Every summer evening during my freshman year at Berkeley, I would walk across campus to Hearst Gym. Go up the stairs. Turn on the lights. Bring out the speakers. And play the first Waltz song.
I’d remember the beauty of being the only one in the room and being able to truly dance freely. Feeling the sensation of my weight transfer through my body and gradually collecting my feet together. And with each rise and fall cadence breathing new life into my step, the rest of the world would melt away. For a brief moment during every one of those summer evenings, nothing outside of me, the music, and the room mattered.
That was the moment when I first fell in love with dance. I was a part of a competitive ballroom team throughout college and ended up teaching the class for my last two years. As someone who came in with no athletic and dance ability to speak of, approaching the sport from a beginner’s mind and progressing along the mastery curve was incredibly informative, and the frameworks I’ve applied to other disciplines as well. There’s a laundry list of concepts I’ve learned during those four years, but none more important than the overarching truth: how you do anything is how you do everything.

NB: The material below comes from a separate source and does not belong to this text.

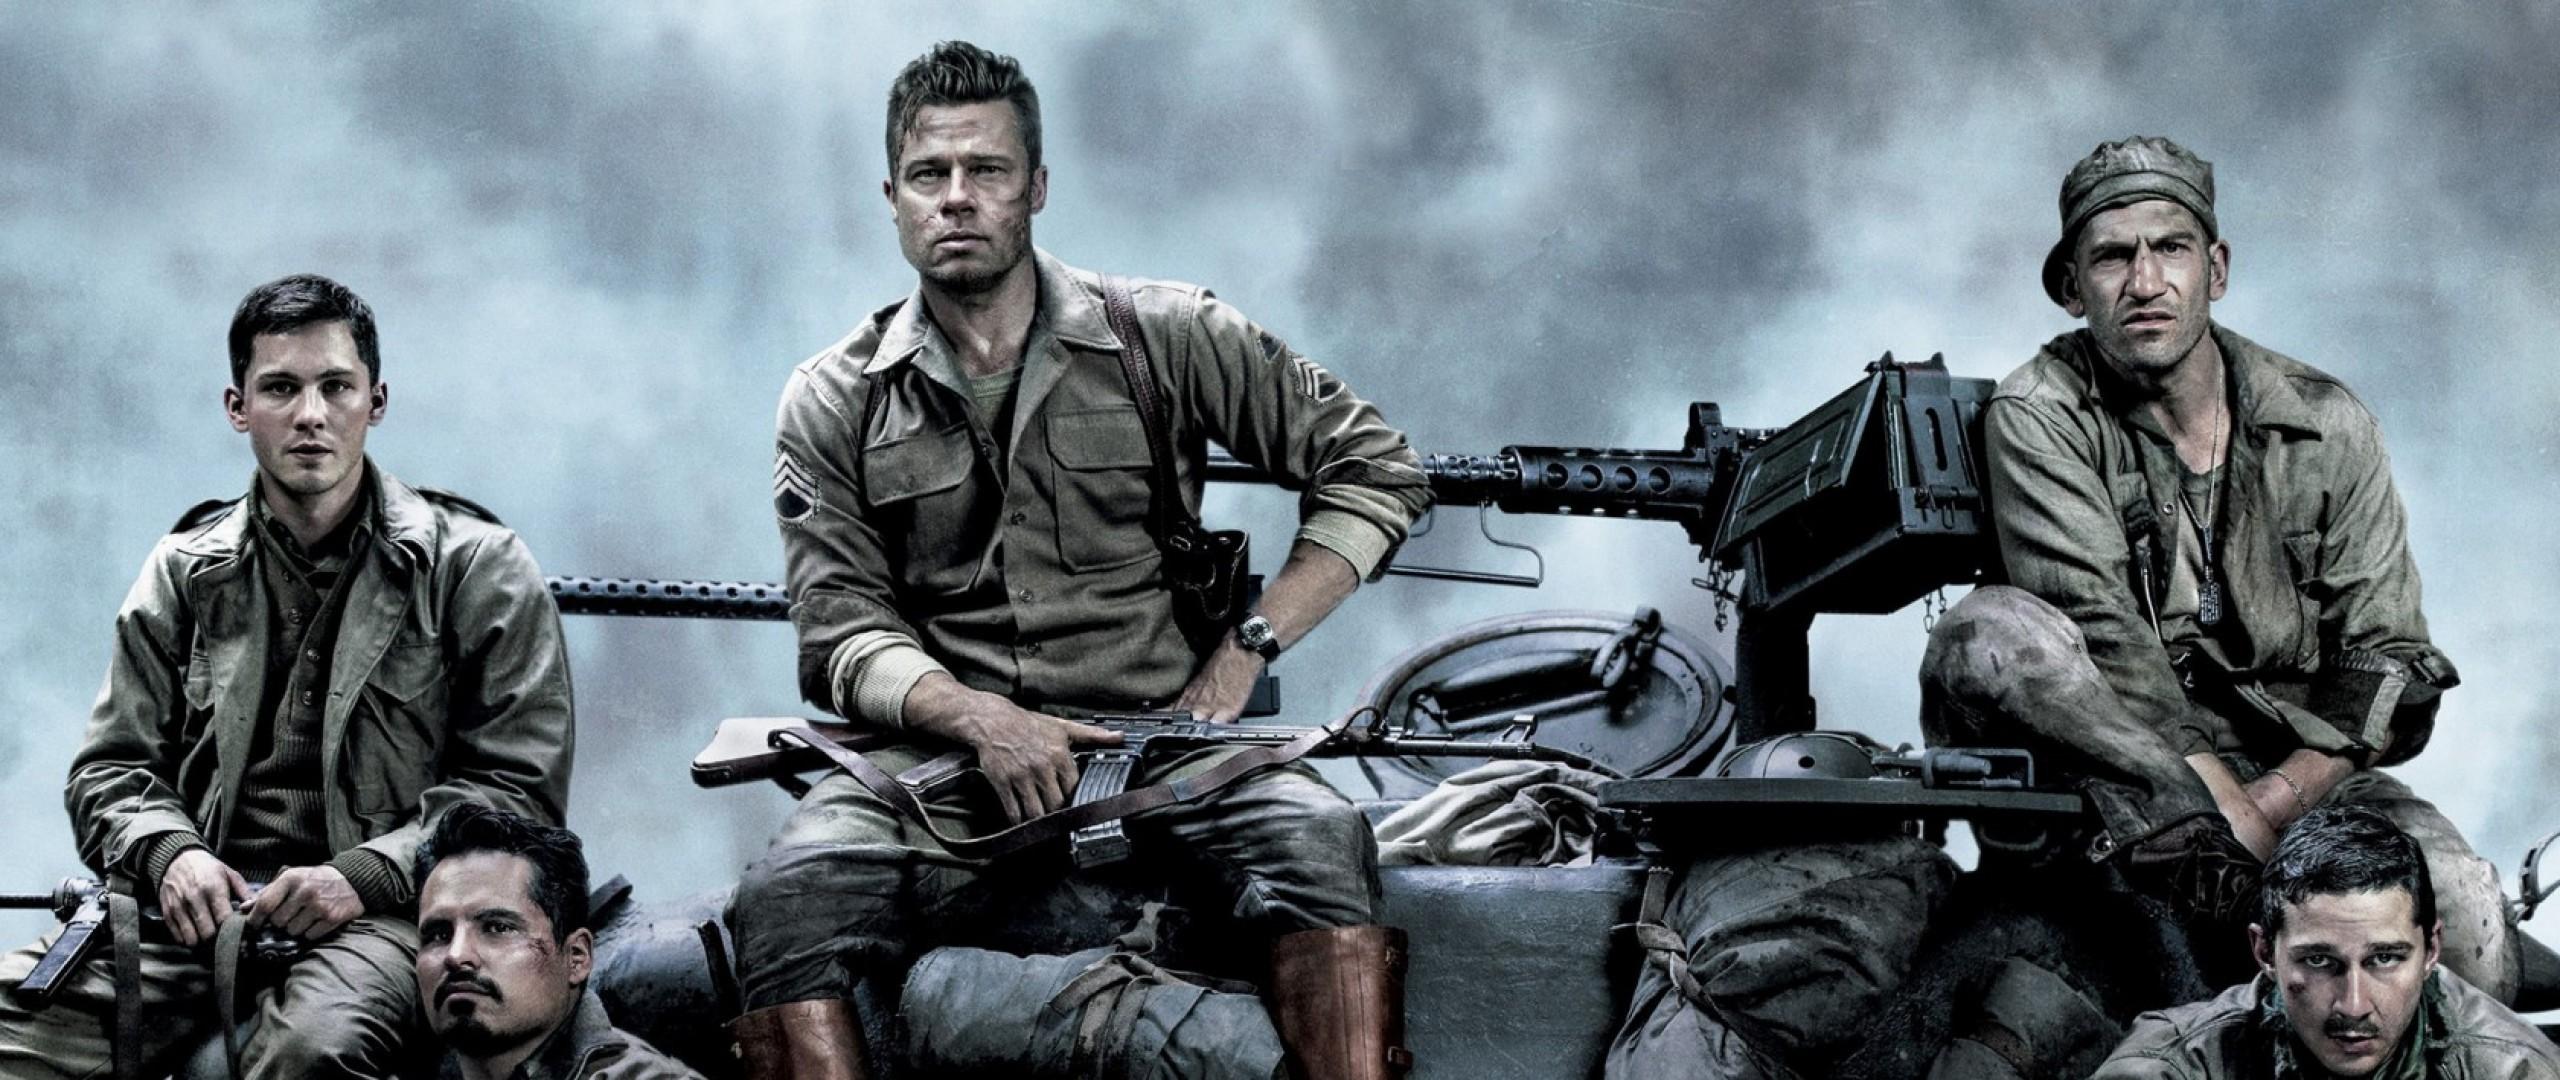 Preview Wallpaper Fury, Brad Pitt, Logan Lerman, Shia Labeouf, Michael Pena  2560×1080
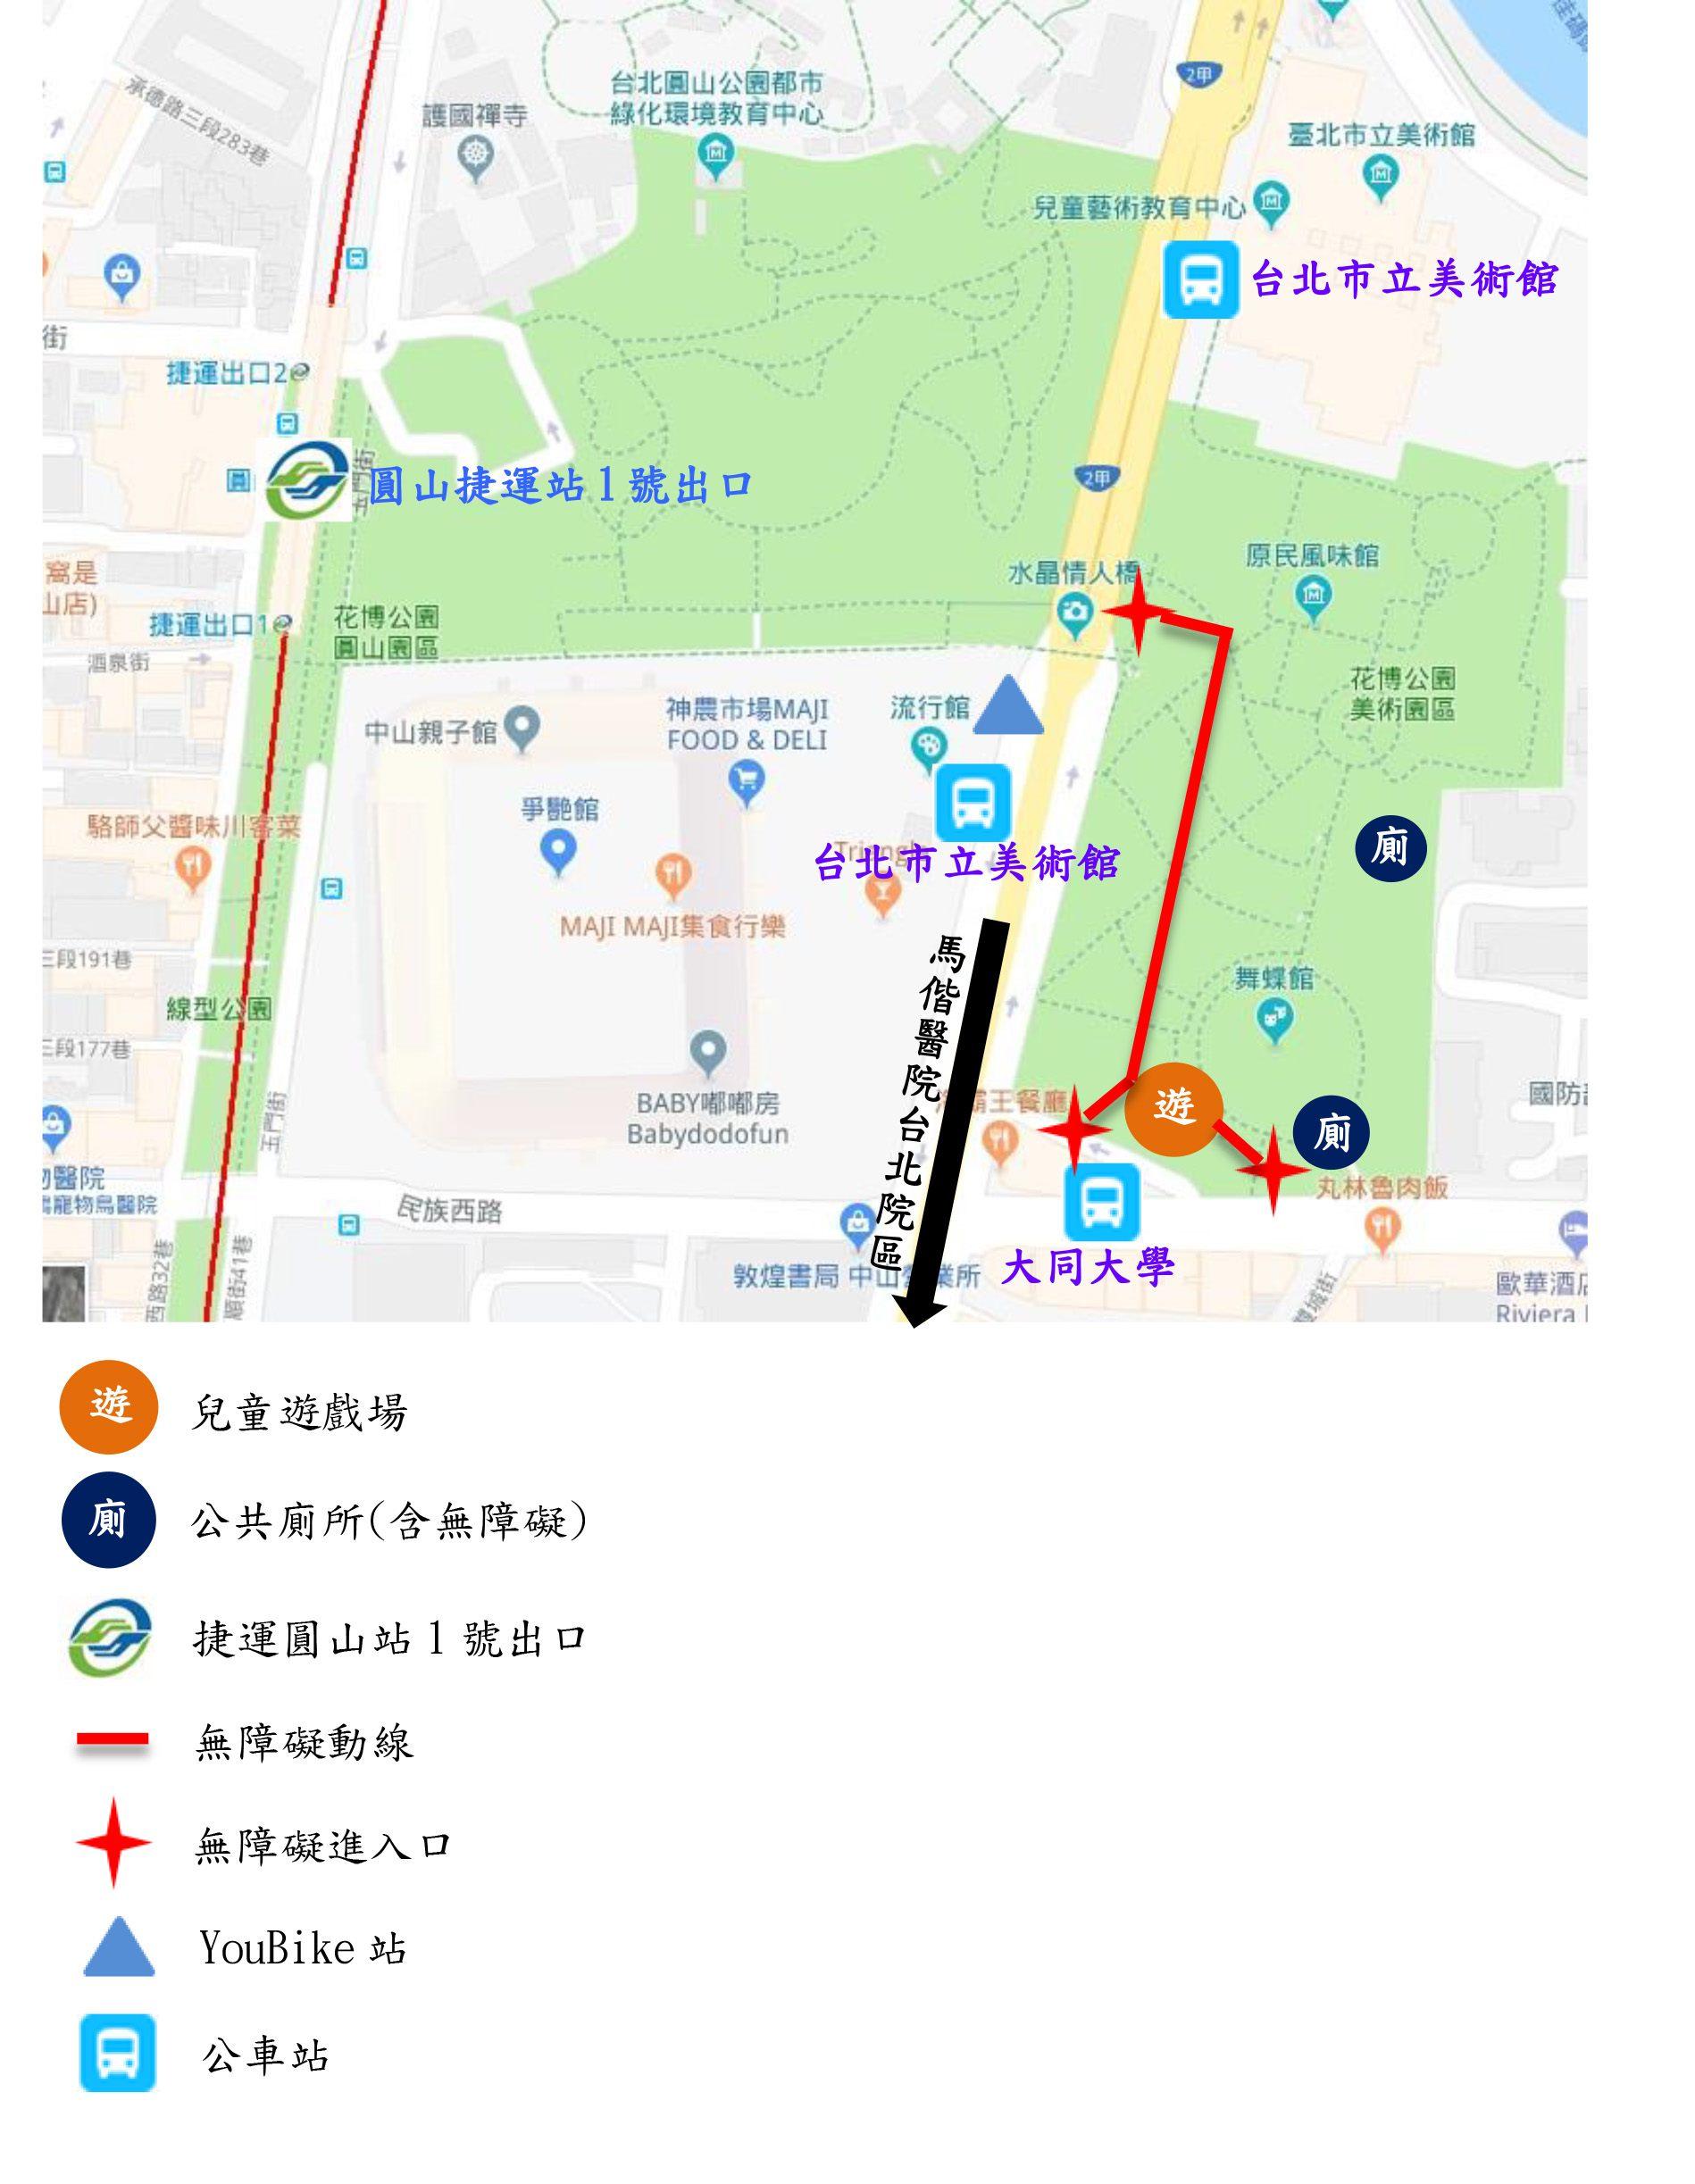 福志公園無障礙路線圖

My freshman year, I’d practice 2-3 hours a day, 5 days a week. And despite all the new technique points and routines we’d learn, at the beginning of every practice I’d spend 30 minutes just doing the Waltz box step. Where I’d stand in front of a mirror, weight on my left foot and visually checking that all my blocks of weight were perfectly stacked up on top of each other. Take a slow step forward, and at the midpoint where my weight would hover over both my feet, gradually rolling through my back foot into my front and slowly collecting my feet while making sure my blocks of weight remained perfectly stacked. Taking a sidestep required the same precision with an added rise in elevation, before collecting my feet together again and slowly lowering down with blocks of weights stacked. Before resetting and doing the same pattern all over again, and again, and again.
Ballroom is a very precise sport, one where if your right shoulder leans too far back, you could throw your dance partner and footwork completely off balance. But once you master the small mechanics and learn to speak the language, the range of motion accessible by the subtlest of weight transfers is deeply profound and the connection you and your partner share becomes truly beautiful. Though despite all the flashy spins, hops, shapes you can form, everything really does come from a strong base of clean weight transfers and collecting your feet. And despite the monotony of those 30 minutes every practice, that was what led to my consistently winning collegiate competitions and eventually heading to nationals.
Beyond ballroom, the same mentality has proven important. Even as an investor, being able to accurately process new data points pre-market for each day’s morning summary is critical. And despite 95%+ of news flow being noise, being able to honestly ask yourself for every data point “is this incremental” versus mechanically writing this off as just a morning chore can lead to a difference in $M of P&L. Of course, people can get away with shooting from the hip and eat these potential losses and write them off as bad luck. But at the end of the day in investing, ballroom and otherwise, the art becomes being able to see the whole picture and driving consistency in your outcomes. And all that starts with doing even the little things right.